In the UI of the Alertmanager
, you should see the config loaded correctly.
![](https://cdn.hashnode.com/res/hashnode/image/upload/v1672429574272/bd74318c-639c-4946-9d1b-a2ccafbdf595.png align="center")
If everything went well, you should see the Watchdog
alert firing in the Alertmanager
dashboard.
![](https://cdn.hashnode.com/res/hashnode/image/upload/v1672429523855/7edb4815-98e2-439d-a951-f1332b8af132.png align="center")
On the healthchecks.io
dashboard, you should see that everything is as expected. The Check is ready to get pinged from the Alertmanager
!
![](https://cdn.hashnode.com/res/hashnode/image/upload/v1672429708784/2ee95c6a-f7bb-4909-be77-292fe1d83120.png align="center")
Now that we have everything set up, let's break it and see what happens. For this I will scale down the Alertmanager
and the operator to 0
.
kubectl scale statefulset alertmanager-monitoring-kube-prometheus-alertmanager --replicas=0
kubectl scale deployment monitoring-kube-prometheus-operator --replicas=0
Le's see what happens in the healthchecks.io
dashboard. We see should see in the status column that the check is late. This means that the check didn't receive a ping in the last 2 minutes.
![](https://cdn.hashnode.com/res/hashnode/image/upload/v1672429748732/246eb70d-ca1c-4f95-b6eb-045f0ac0905a.png align="center")
![](https://cdn.hashnode.com/res/hashnode/image/upload/v1672429768556/d719e5ac-17f1-438a-9429-b526e8ee6f2c.png align="center")
After the 2 minutes grace period, the check will send out an alert. You should see a message in your Microsoft Teams
![](https://cdn.hashnode.com/res/hashnode/image/upload/v1672429776058/095a4266-6ed7-4713-a648-5d3a275f55a5.png align="center")
To fix the problem, we need to scale up the Alertmanager
and the operator again.
kubectl scale statefulset alertmanager-monitoring-kube-prometheus-alertmanager --replicas=1
kubectl scale deployment monitoring-kube-prometheus-operator --replicas=1
After a few minutes, the check should be green again and you should see a message in your Microsoft Teams channel.

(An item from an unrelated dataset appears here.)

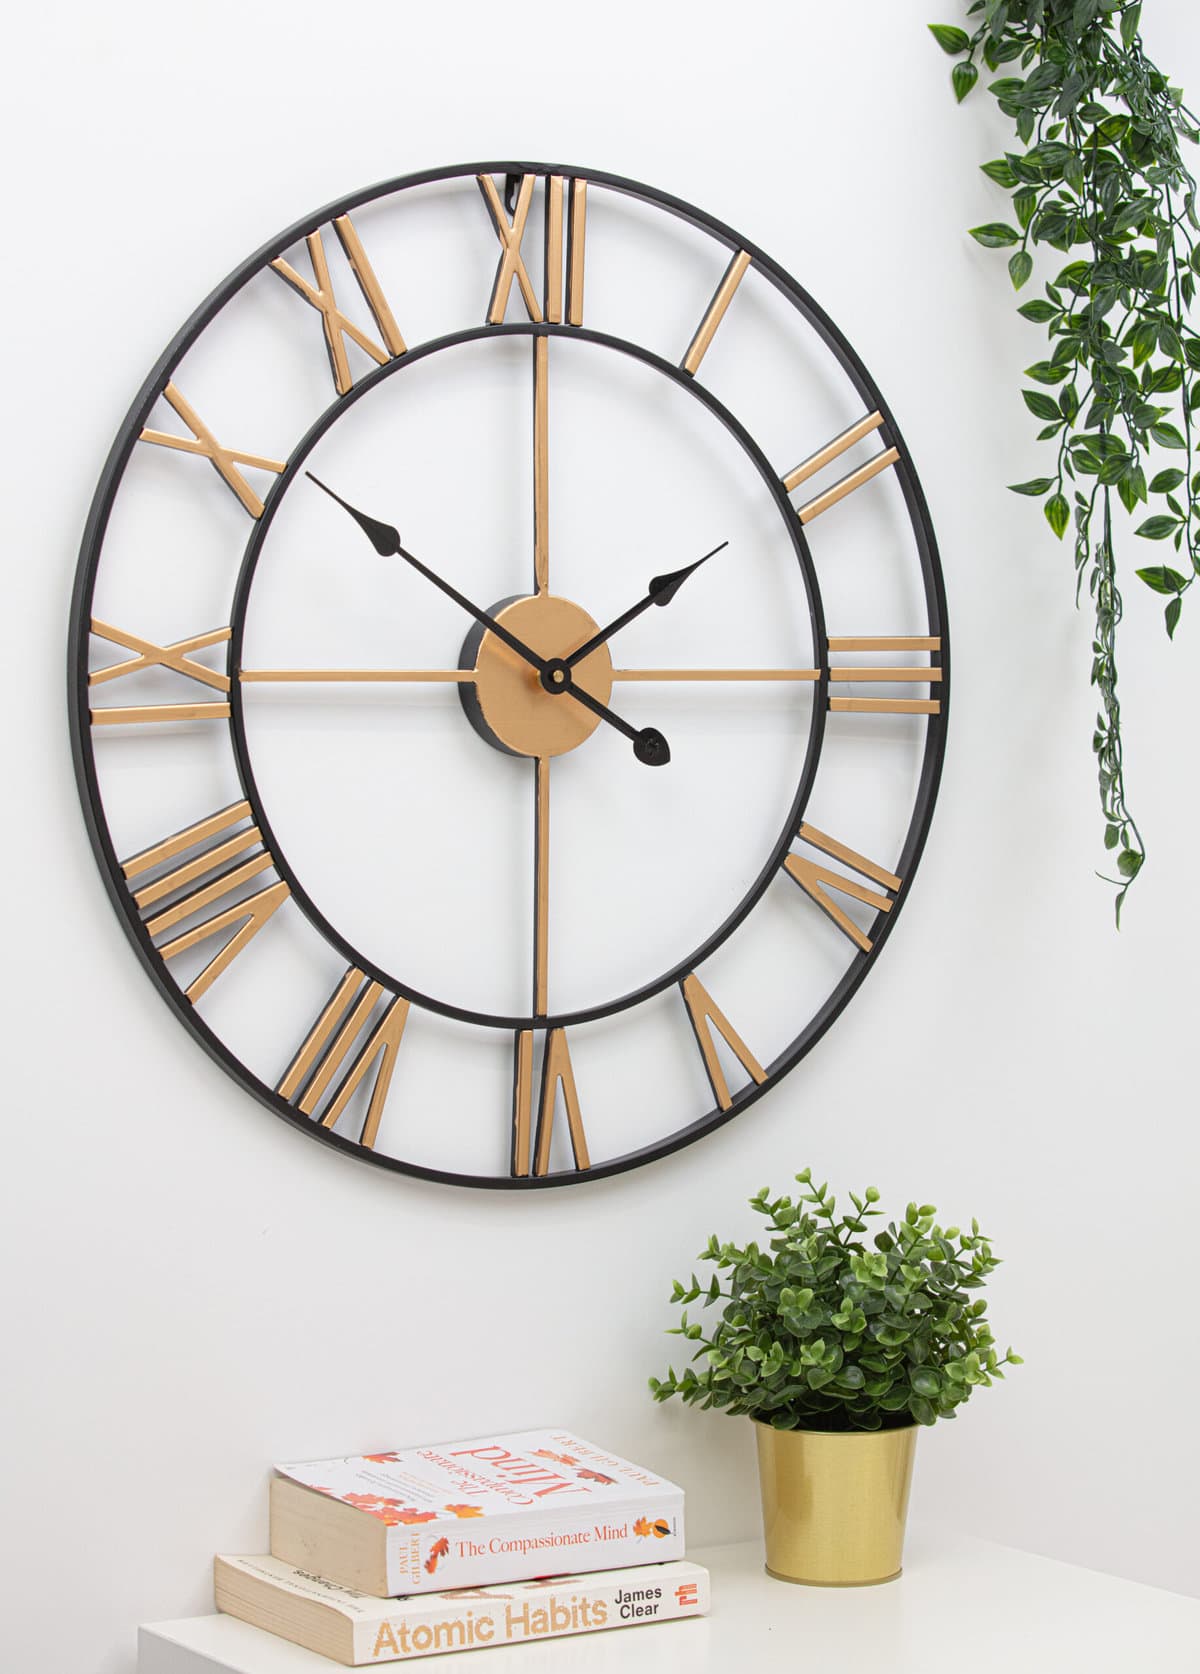 Luxury Wall Clock Grand 35x66cm – Opulent Grey & Gold Finish, A

![](https://cdn.hashnode.com/res/hashnode/image/upload/v1672429820575/9b37a66b-acb0-4308-b6e9-0ce12f052c98.png align="center")
![](https://cdn.hashnode.com/res/hashnode/image/upload/v1672429831021/b492fa2a-ba13-4057-b7bb-98a6be3eb14d.png align="center")
In this article, we learned how to create a dead man's switch
implementation with Prometheus and Alertmanager. Of course, a dead man's switch
is not a silver bullet but it is an important part of a monitoring system and helps to build a more robust monitoring system.
In the end, we need to make sure that our systems are up and running and if they are not, what can happen more often than we think, we need to be notified as soon as possible. This means also when the monitoring system itself is not working.